Curta de Leonardo Lacca

Por Luiz Joaquim | 04.08.2008 (segunda-feira)

Abaixo a busca pelo sentido estrito de um filme! Abaixo a explicação ipsis litteris de um roteiro! O cinema é proporcionalmente mais potente na medida em que permite seu espectador deflagrar vôos audaciosos pelo próprio limite de percepção e interpretação do que se desenrola a sua frente. “Décimo Segundo”, curta-metragem de Leonardo Lacca, propõe isso.

Contando a história do reencontro, após longa data afastados (supõe-se), de um casal vivido pelos atores Rita Carelli e Irandhir Santos, o filme dispensa informações mais detalhadas sobre a tensão que circunda os dois. Ambos são/estão quase mudos e sem reação diante da concretude do reencontro em si. O reencontro, afinal, é mais eloqüente que qualquer outra fala (que não é dita) ou qualquer artifício de montagem.

Quase sem fala e quase sem intervenção de edição (música não há), restam, então, a câmera com sua liberdade de movimentação e os atores com seu poder de personificação. No primeiro caso, a fotografia feita por Marcelo Lordello obedece a difícil postura de um olho inquieto, e quase consciente da gravidade que sufoca o ar entre o casal.

Nesses conflitos do olhar, entre o casal, entre a câmera e o casal, entre a câmera e Carelli e, principalmente entre a câmera e Irandhir, Lordello flutua com elegância, nunca esquecendo a importância dramática da cromaticidade da luz e, conforme for, da frieza com a qual essa luz pode compor uma atmosfera.

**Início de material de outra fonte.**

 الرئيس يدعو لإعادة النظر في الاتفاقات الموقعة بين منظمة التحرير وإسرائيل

Pelo enquadramento e movimentos de sua câmera, somos, nós espectadores, aqueles que desejam entender o que se passa na cabeça do casal impotente.

No segundo caso, é pela comunhão entre a direção de Lacca com seus atores que temos uma interpretação adequada e promotora de rápida empatia. Enquanto o papel de Carelli ocupa seu lugar de figura diplomática e distante na relação aparentemente maculada no passado entre os dois, o personagem de Irandhir é dono de seu próprio mundo. É um mundo intransponível pela câmera insistente de Lordello, mas é também um mundo claramente incomodado com o que está posto, e expressado com exatidão pela contenção deste ator extraordinário.

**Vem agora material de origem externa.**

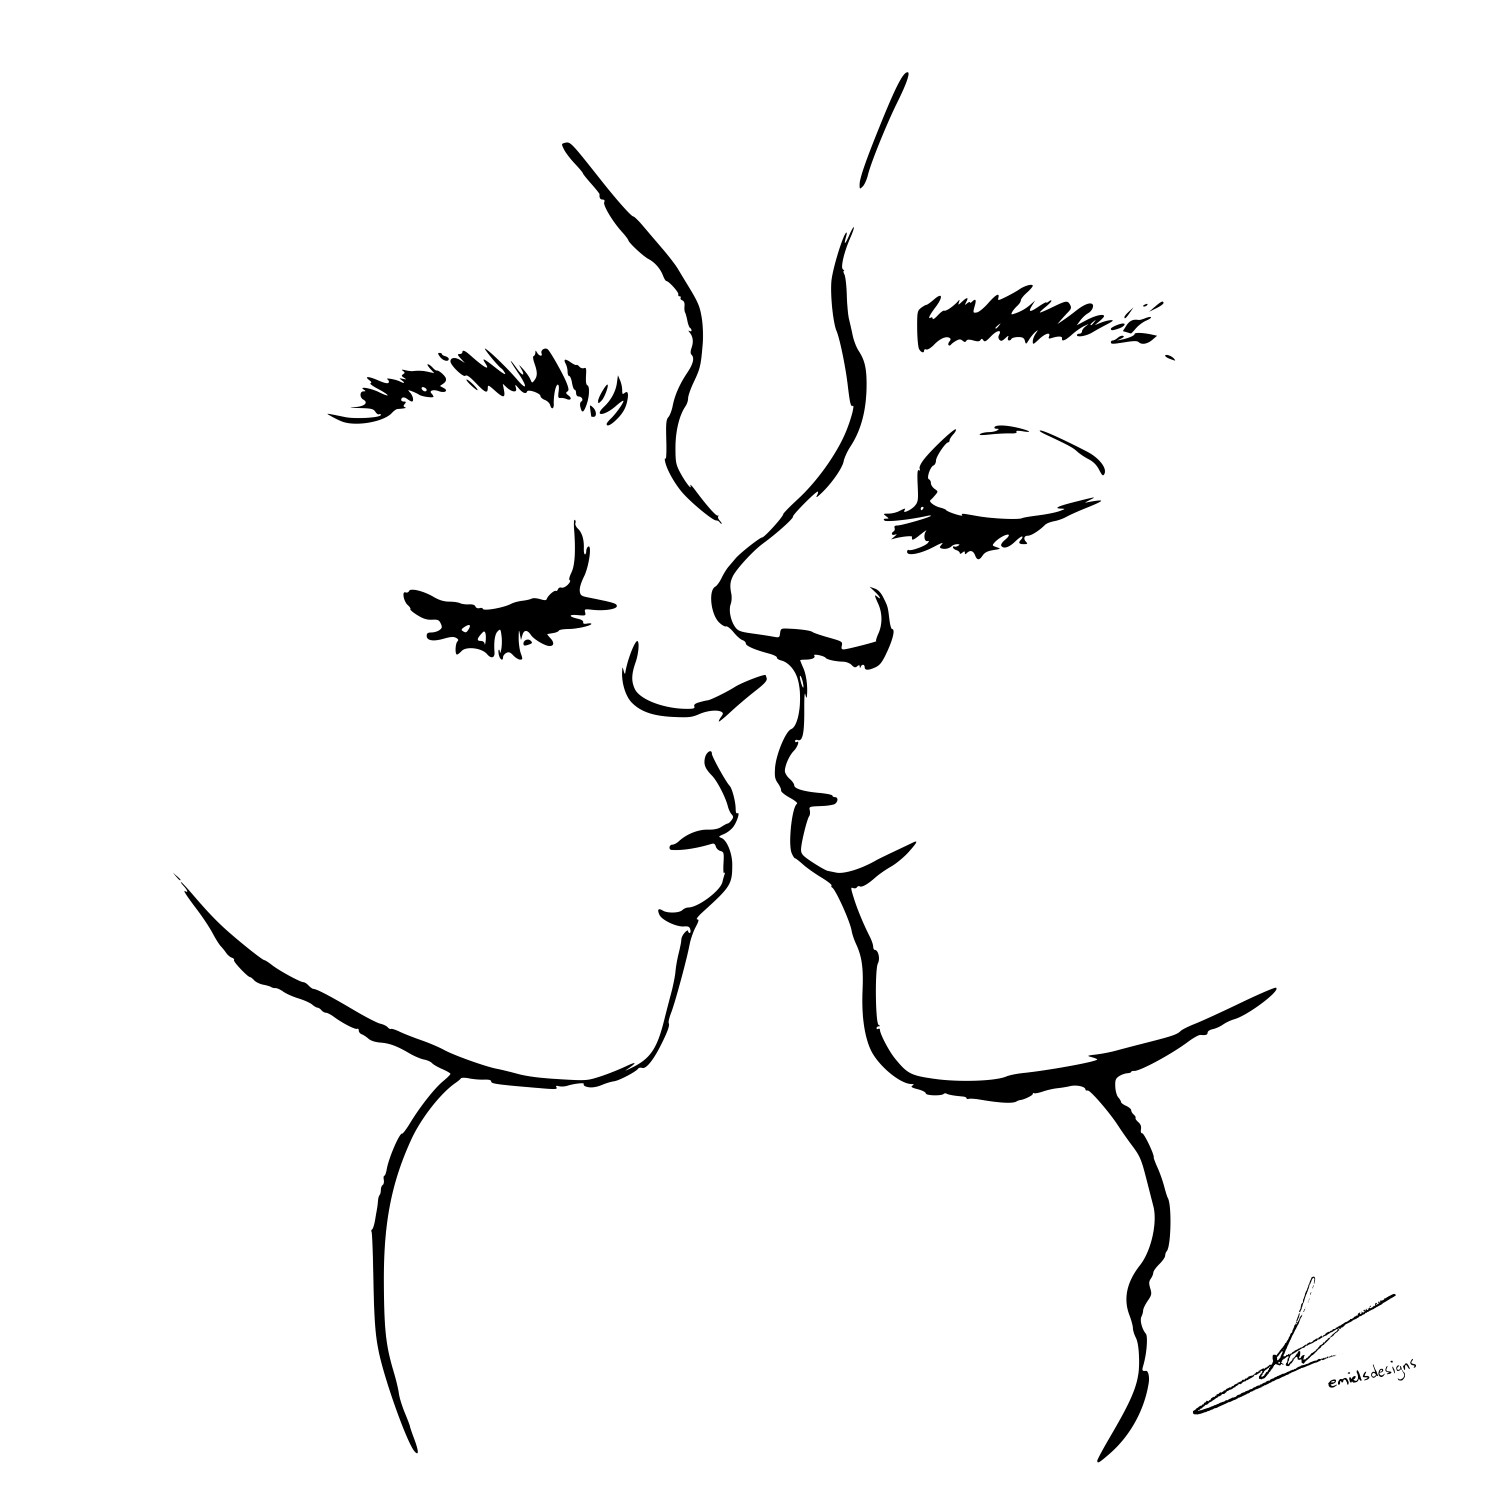 Romantisch kunstwerk - bijna een kus - zwarte inkt

Por essa competência Lacca e equipe garantiram o reconhecimento da melhor direção dentro da competição de curtas-metragens no último festival de Brasília. Era a 40ª edição do evento, que contemplava dessa forma a sintonia precisa para se criar uma fantasia velada de um casal numa cozinha, sem fala, sem música, quase sem cortes, mas abundante em sugestão emotiva.